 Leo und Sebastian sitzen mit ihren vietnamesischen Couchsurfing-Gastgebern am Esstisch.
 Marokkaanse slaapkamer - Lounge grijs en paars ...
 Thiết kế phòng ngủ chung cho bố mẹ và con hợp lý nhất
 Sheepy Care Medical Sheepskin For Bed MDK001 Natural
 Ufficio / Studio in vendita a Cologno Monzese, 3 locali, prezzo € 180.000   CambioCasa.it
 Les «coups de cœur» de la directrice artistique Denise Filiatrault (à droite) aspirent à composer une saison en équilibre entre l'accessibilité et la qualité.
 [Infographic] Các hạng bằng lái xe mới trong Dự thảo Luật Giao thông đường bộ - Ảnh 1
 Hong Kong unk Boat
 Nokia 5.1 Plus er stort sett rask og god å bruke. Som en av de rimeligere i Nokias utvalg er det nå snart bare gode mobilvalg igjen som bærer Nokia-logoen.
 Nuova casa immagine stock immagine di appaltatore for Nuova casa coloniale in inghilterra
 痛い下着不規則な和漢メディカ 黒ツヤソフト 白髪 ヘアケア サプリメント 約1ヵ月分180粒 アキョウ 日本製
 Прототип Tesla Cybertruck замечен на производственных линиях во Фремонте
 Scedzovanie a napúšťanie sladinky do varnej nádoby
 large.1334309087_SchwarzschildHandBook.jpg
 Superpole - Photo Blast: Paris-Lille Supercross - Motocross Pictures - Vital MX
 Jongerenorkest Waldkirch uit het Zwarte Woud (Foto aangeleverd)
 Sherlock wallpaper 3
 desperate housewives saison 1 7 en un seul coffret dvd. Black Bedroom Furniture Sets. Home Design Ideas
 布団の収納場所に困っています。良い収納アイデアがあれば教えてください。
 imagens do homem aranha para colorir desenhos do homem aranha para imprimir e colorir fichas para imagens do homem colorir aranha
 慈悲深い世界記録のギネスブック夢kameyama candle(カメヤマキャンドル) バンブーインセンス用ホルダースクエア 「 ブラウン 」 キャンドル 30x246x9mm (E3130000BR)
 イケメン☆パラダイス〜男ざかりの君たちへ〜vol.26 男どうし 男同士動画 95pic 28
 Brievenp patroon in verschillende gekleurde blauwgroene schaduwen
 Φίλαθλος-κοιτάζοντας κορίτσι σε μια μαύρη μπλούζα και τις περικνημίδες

» **WHAT THE TASK ASKS**
Your task is to write out, exactly, the line that contains "布団の収納場所に困っています。良い収納アイデアがあれば教えてください。" and each line after it to the end of the data, with no other lines.

» **RESPONSE**
 布団の収納場所に困っています。良い収納アイデアがあれば教えてください。
 imagens do homem aranha para colorir desenhos do homem aranha para imprimir e colorir fichas para imagens do homem colorir aranha
 慈悲深い世界記録のギネスブック夢kameyama candle(カメヤマキャンドル) バンブーインセンス用ホルダースクエア 「 ブラウン 」 キャンドル 30x246x9mm (E3130000BR)
 イケメン☆パラダイス〜男ざかりの君たちへ〜vol.26 男どうし 男同士動画 95pic 28
 Brievenp patroon in verschillende gekleurde blauwgroene schaduwen
 Φίλαθλος-κοιτάζοντας κορίτσι σε μια μαύρη μπλούζα και τις περικνημίδες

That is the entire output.